0
0
PandasHow-ToBeginner · 3 min read

How to Use Category dtype in pandas for Efficient Data

Use category dtype in pandas by converting a column with astype('category'). This makes data use less memory and speeds up operations on repeated values.
📐

Syntax

The basic syntax to convert a pandas column to category dtype is:

  • df['column'] = df['column'].astype('category'): Converts the column to category dtype.
  • pd.Categorical(data, categories=..., ordered=...): Creates a categorical object with optional categories and order.
python
df['column'] = df['column'].astype('category')
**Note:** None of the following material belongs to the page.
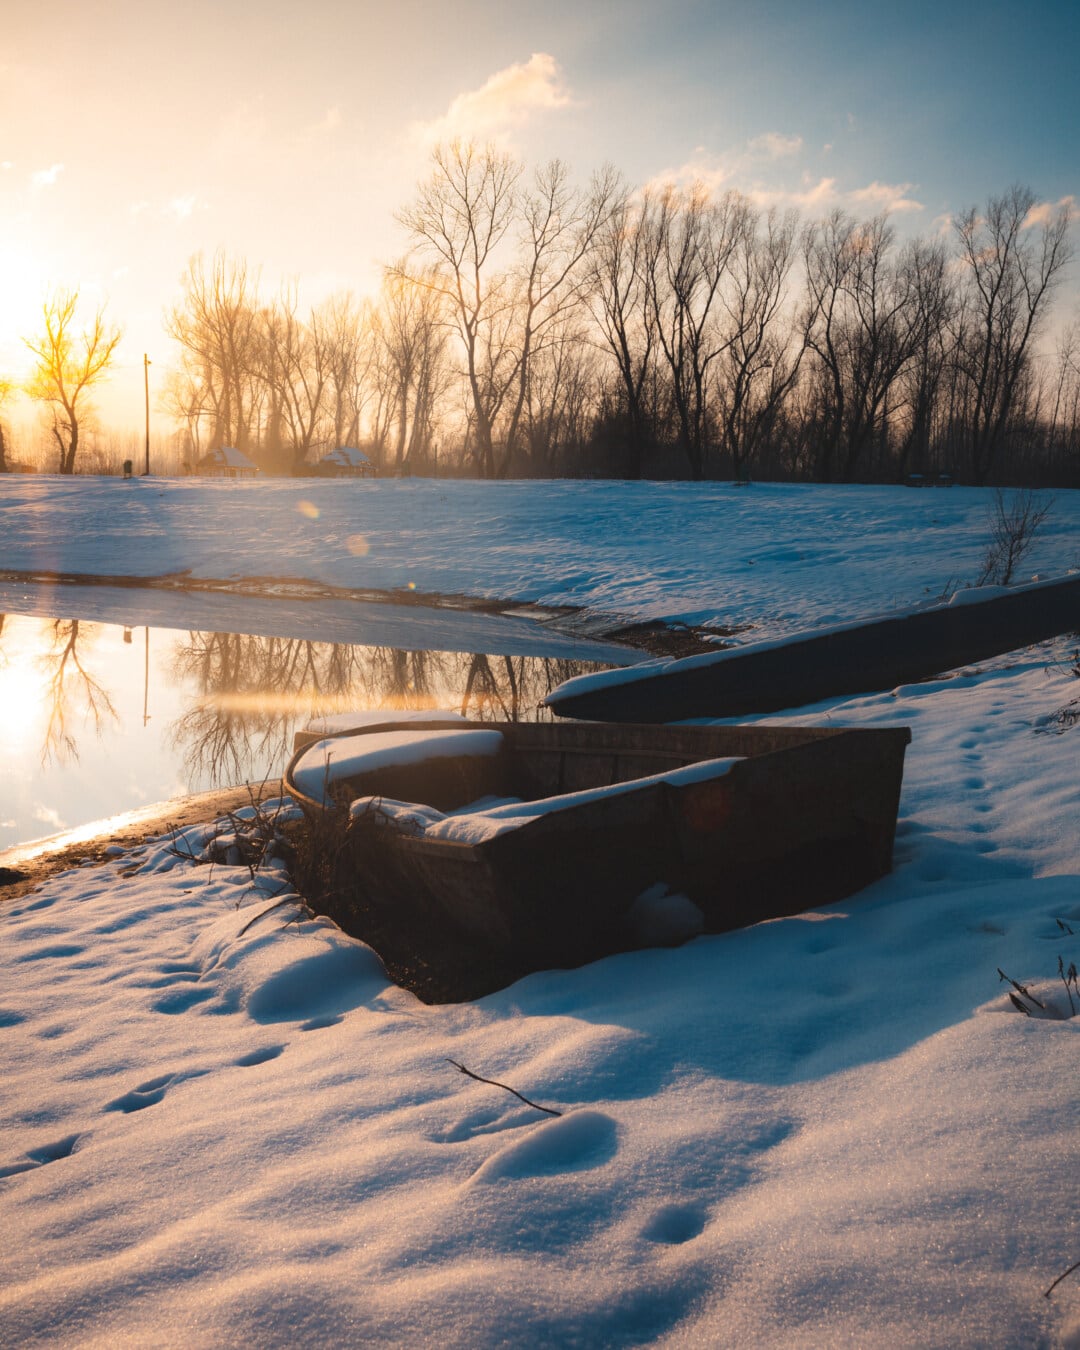 Winter, Sonnenaufgang, Boot, am See, schneebedeckt, Wasser, Ufer, Sonnenuntergang, See, Schnee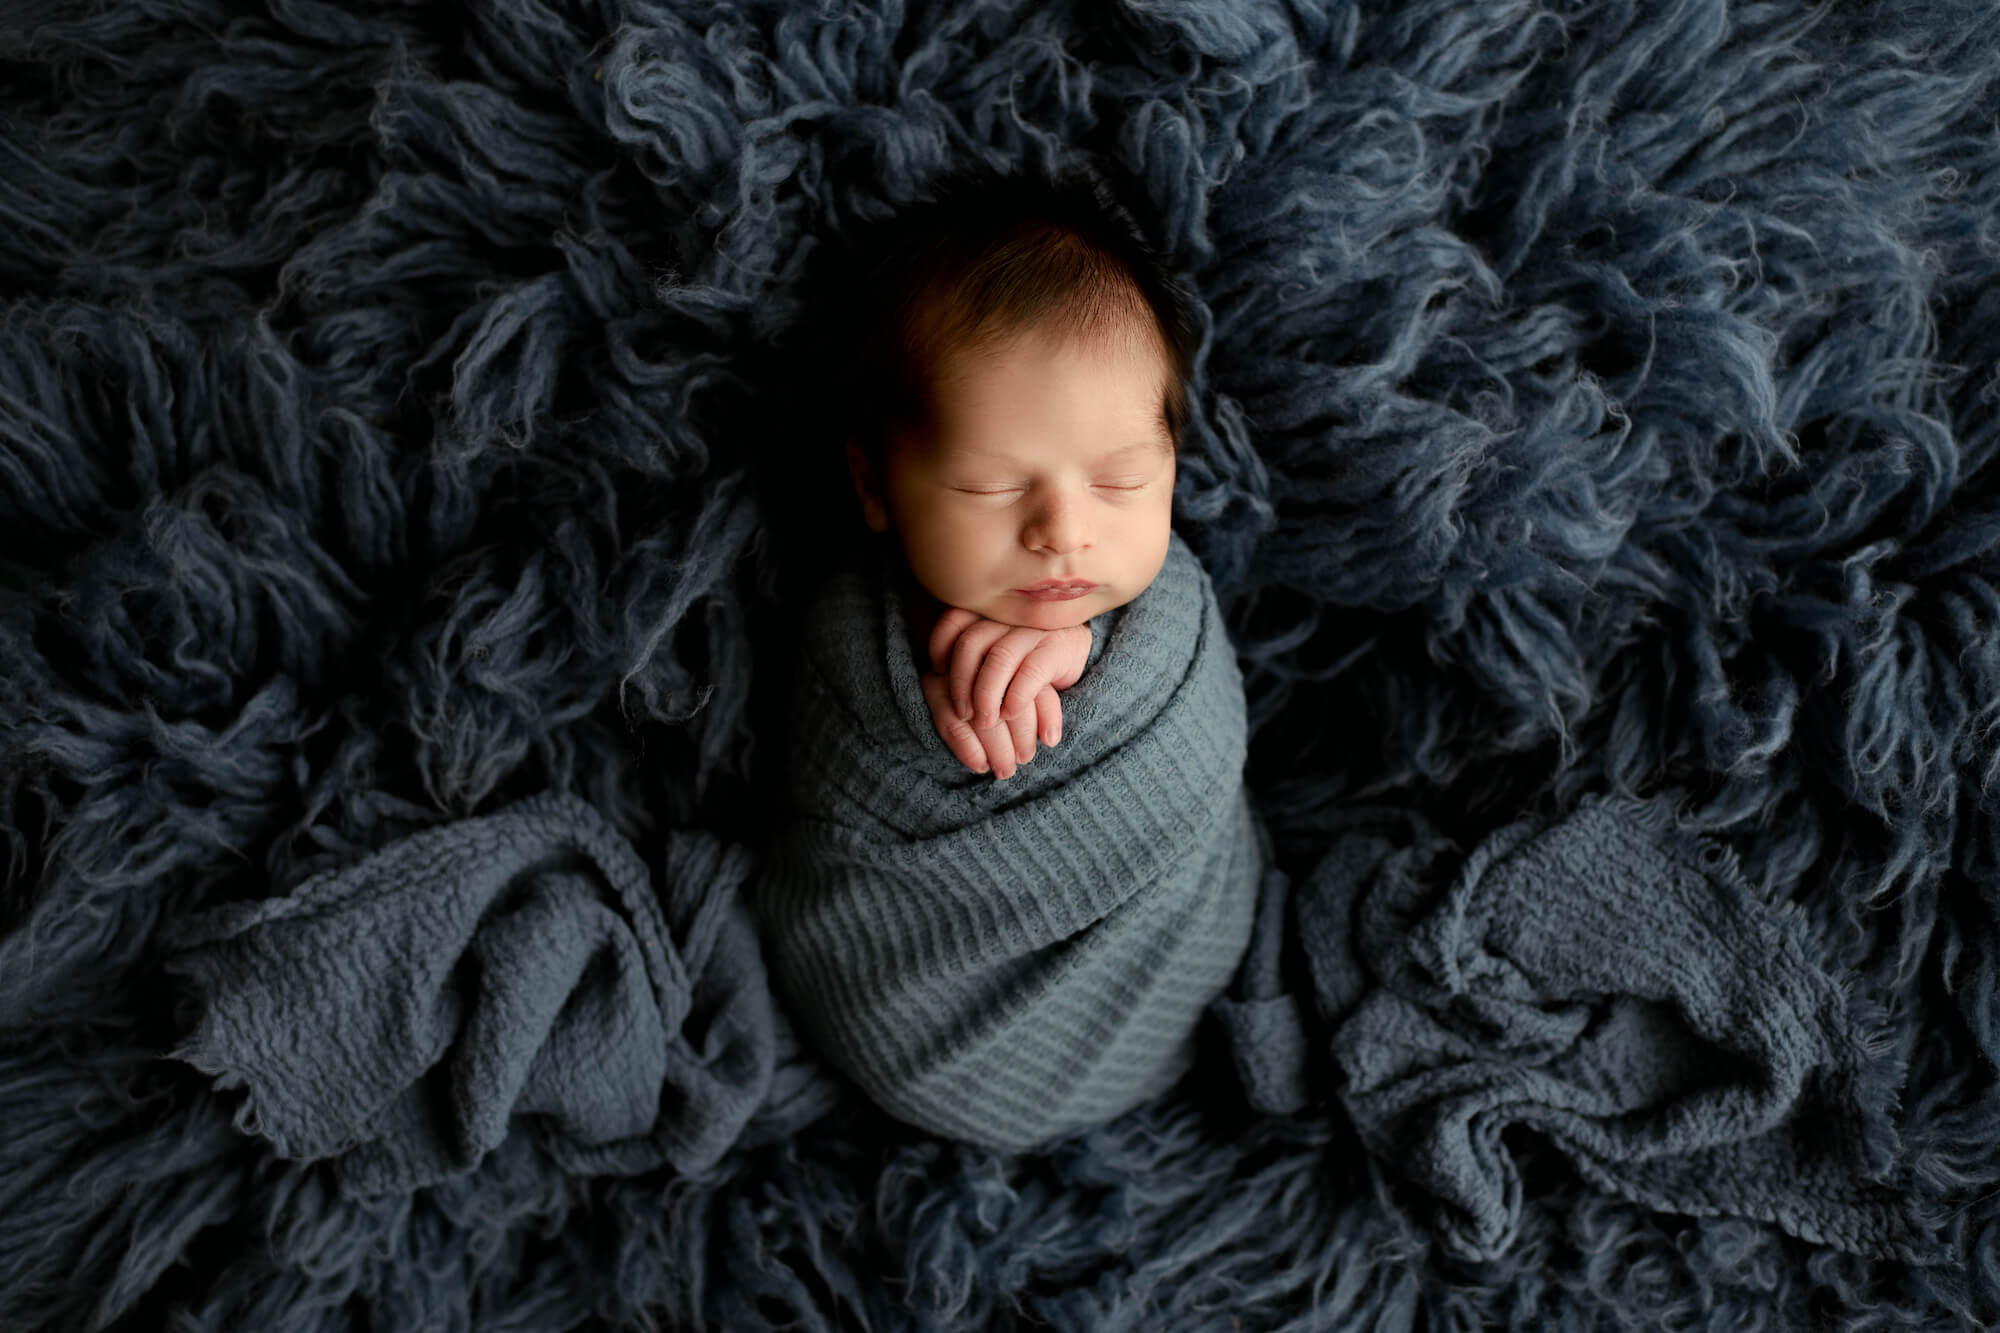 Canton GA Baby Photographer, newborn photography in canton ga, newborn photography atlanta

# or create categorical directly
cat = pd.Categorical(['a', 'b', 'a'], categories=['a', 'b', 'c'], ordered=True)
💻

Example

This example shows how to convert a column to category dtype, check memory usage before and after, and see the categories.

python
import pandas as pd

# Create a DataFrame with repeated string values
data = {'fruit': ['apple', 'banana', 'apple', 'orange', 'banana', 'apple']}
df = pd.DataFrame(data)

# Memory usage before conversion
mem_before = df.memory_usage(deep=True).sum()

# Convert 'fruit' column to category dtype
df['fruit'] = df['fruit'].astype('category')

# Memory usage after conversion
mem_after = df.memory_usage(deep=True).sum()

# Show DataFrame info and categories
info = df.info()
categories = df['fruit'].cat.categories

(mem_before, mem_after, categories.tolist())
Output
(240, 144, ['apple', 'banana', 'orange'])
⚠️

Common Pitfalls

Common mistakes when using category dtype include:

  • Not converting columns with many unique values, which can increase overhead.
  • Forgetting to specify ordered=True when order matters (like sizes or ratings).
  • Trying to add new categories without updating the category list.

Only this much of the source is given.